··· Task data

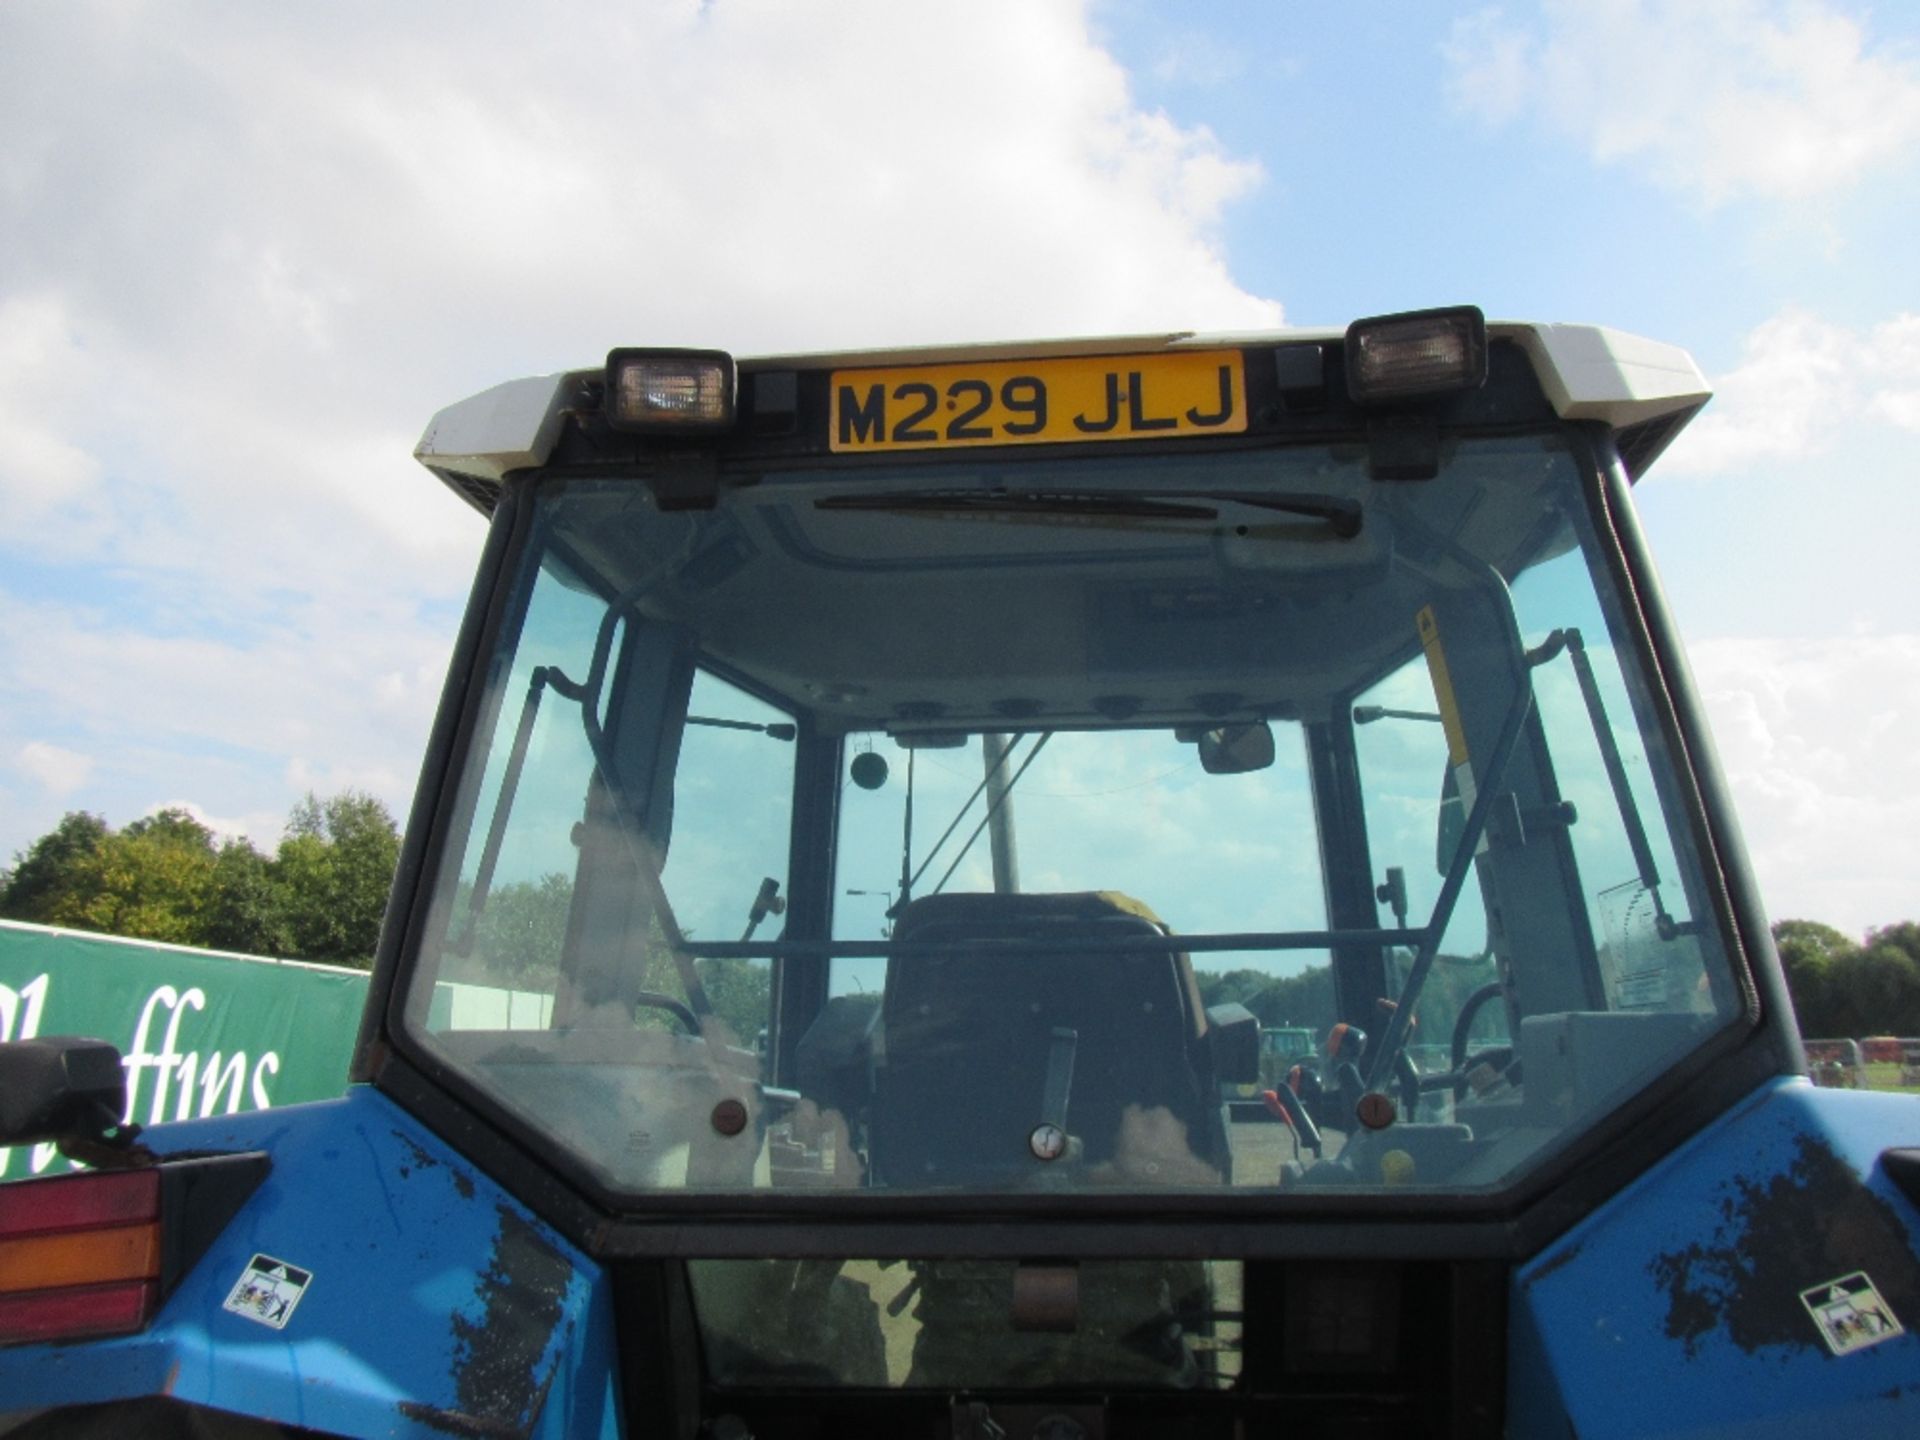 Ford New Holland 8340 SLE 40k Tractor with Air Con. Reg. No. M229 JLJ Ser No BD85370 - Image 8 of 17
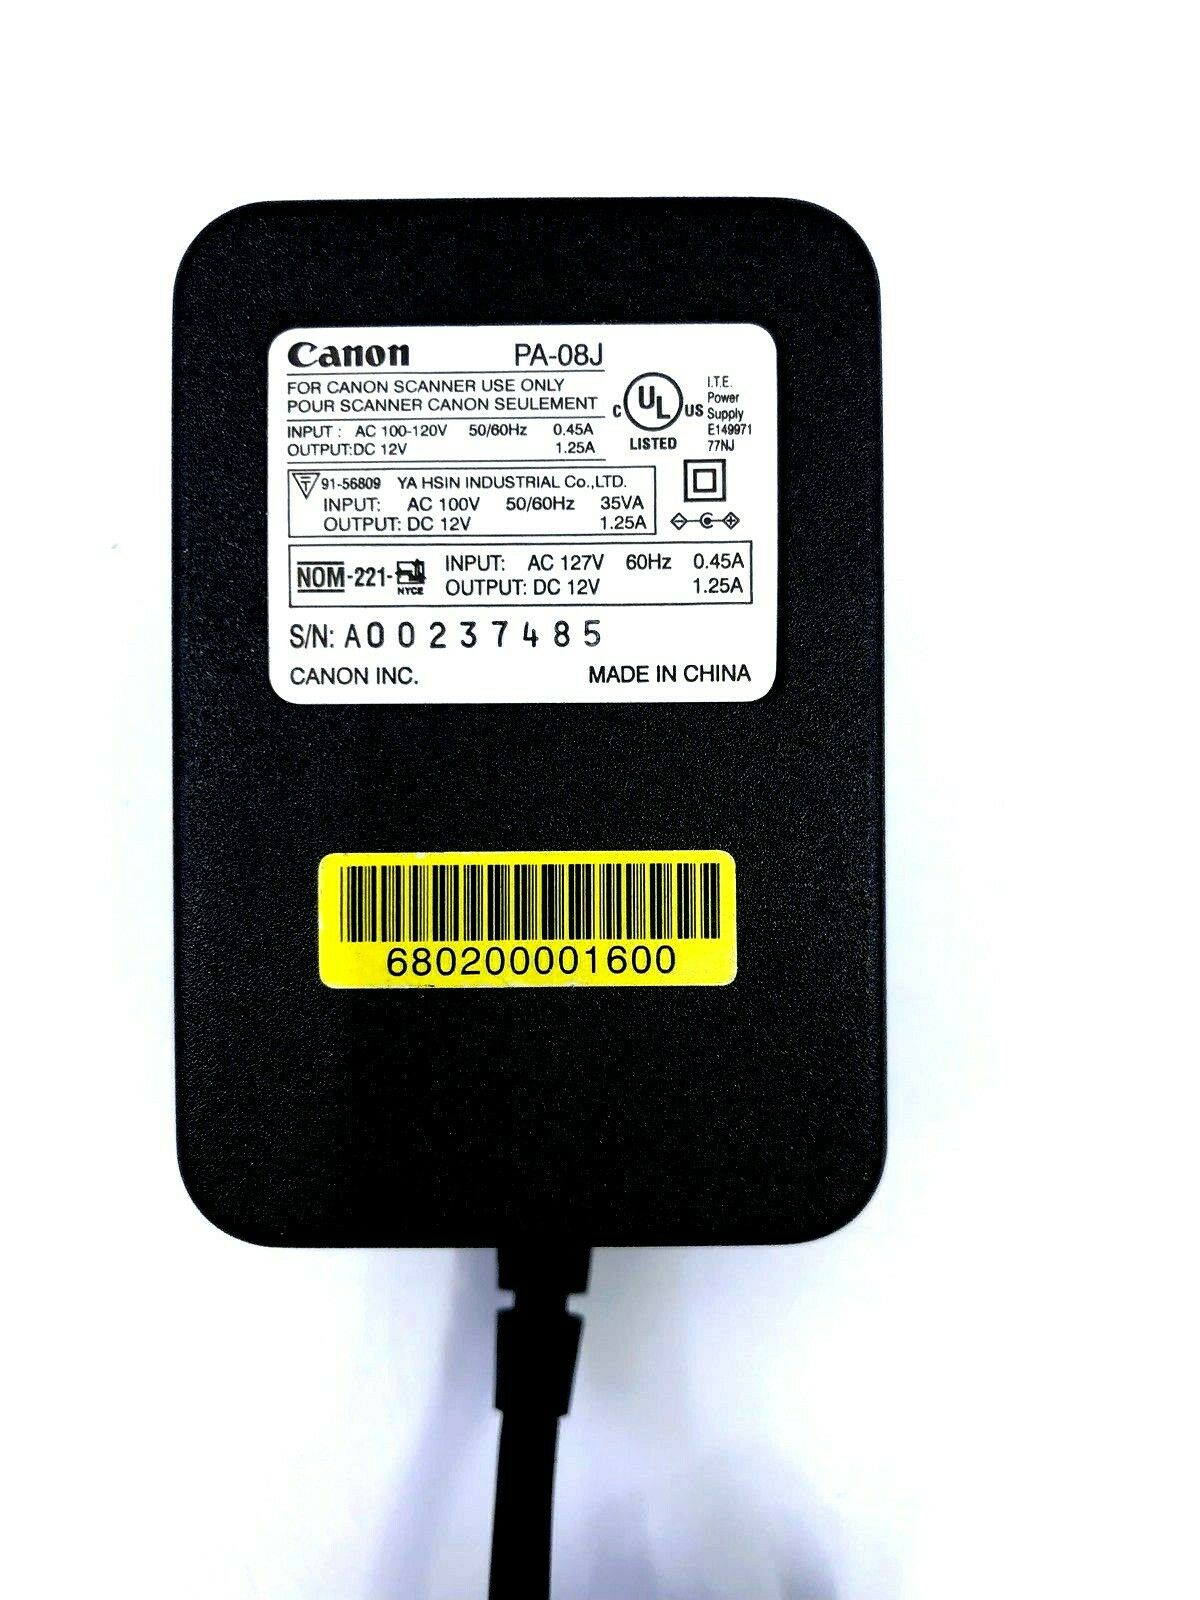 NEW Canon PA-08J ITE Power Supply AC Adapter 12VDC 1.25A for 5000F Scanner
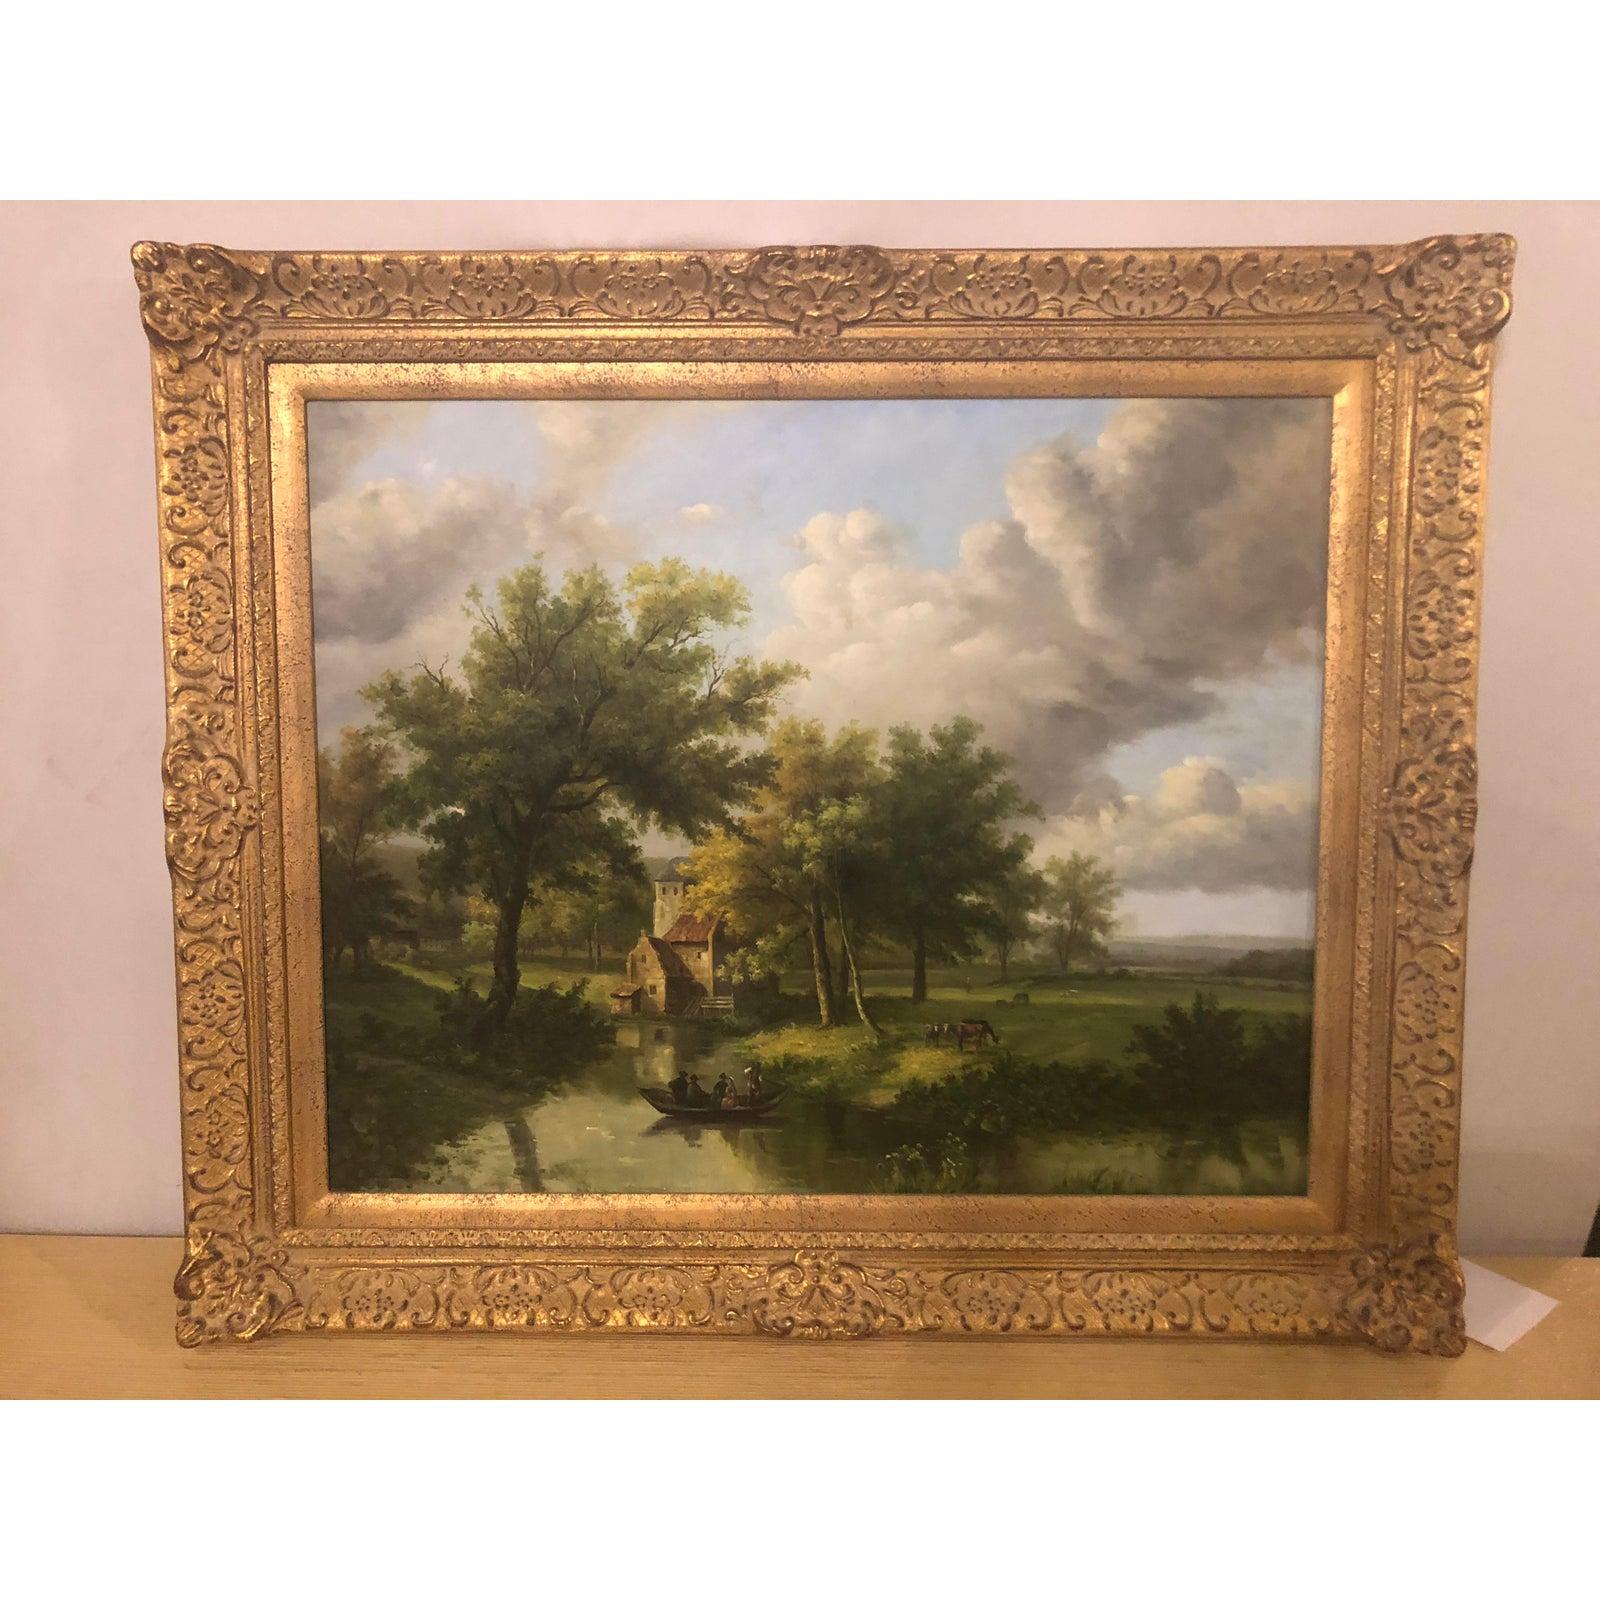 A beautiful oil on canvas landscaping painting. The painting features so many details of country daily life and is presented in a hand carved gilt custom gilt frame. 

Measures: Framed - H 31
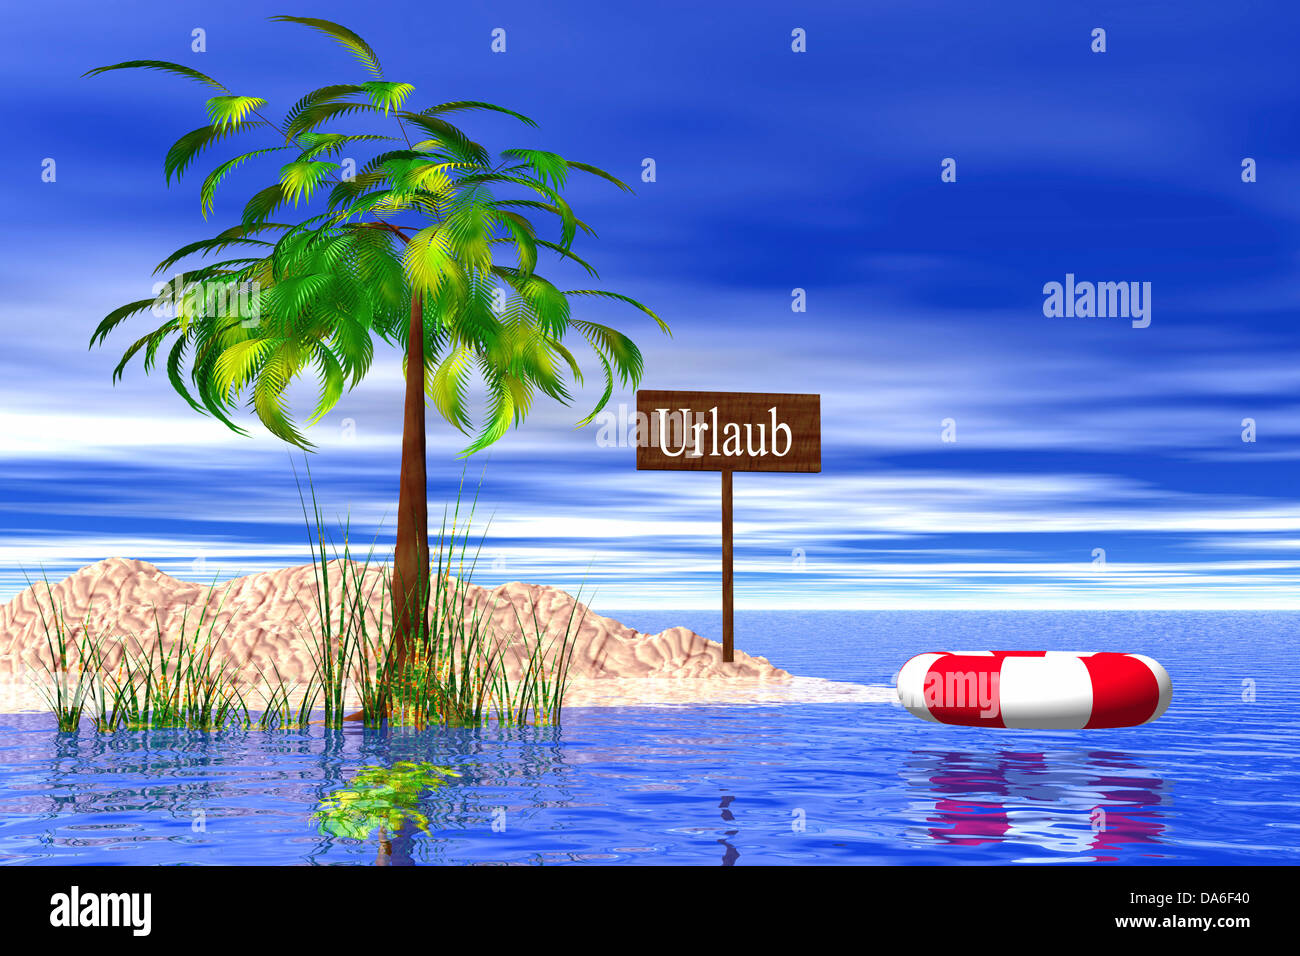 Small holiday island with sign 'Urlaub', German for 'holiday', palm tree and lifebuoy, illustration Stock Photo

······

**Problem details:**
All of the records need to be reproduced exactly, with each picture omitted.

**Exercise response:**
 Ford New Holland 8340 SLE 40k Tractor with Air Con. Reg. No. M229 JLJ Ser No BD85370 - Image 8 of 17
 NEW Canon PA-08J ITE Power Supply AC Adapter 12VDC 1.25A for 5000F Scanner
 A beautiful oil on canvas landscaping painting. The painting features so many details of country daily life and is presented in a hand carved gilt custom gilt frame. 

Measures: Framed - H 31
 Small holiday island with sign 'Urlaub', German for 'holiday', palm tree and lifebuoy, illustration Stock Photo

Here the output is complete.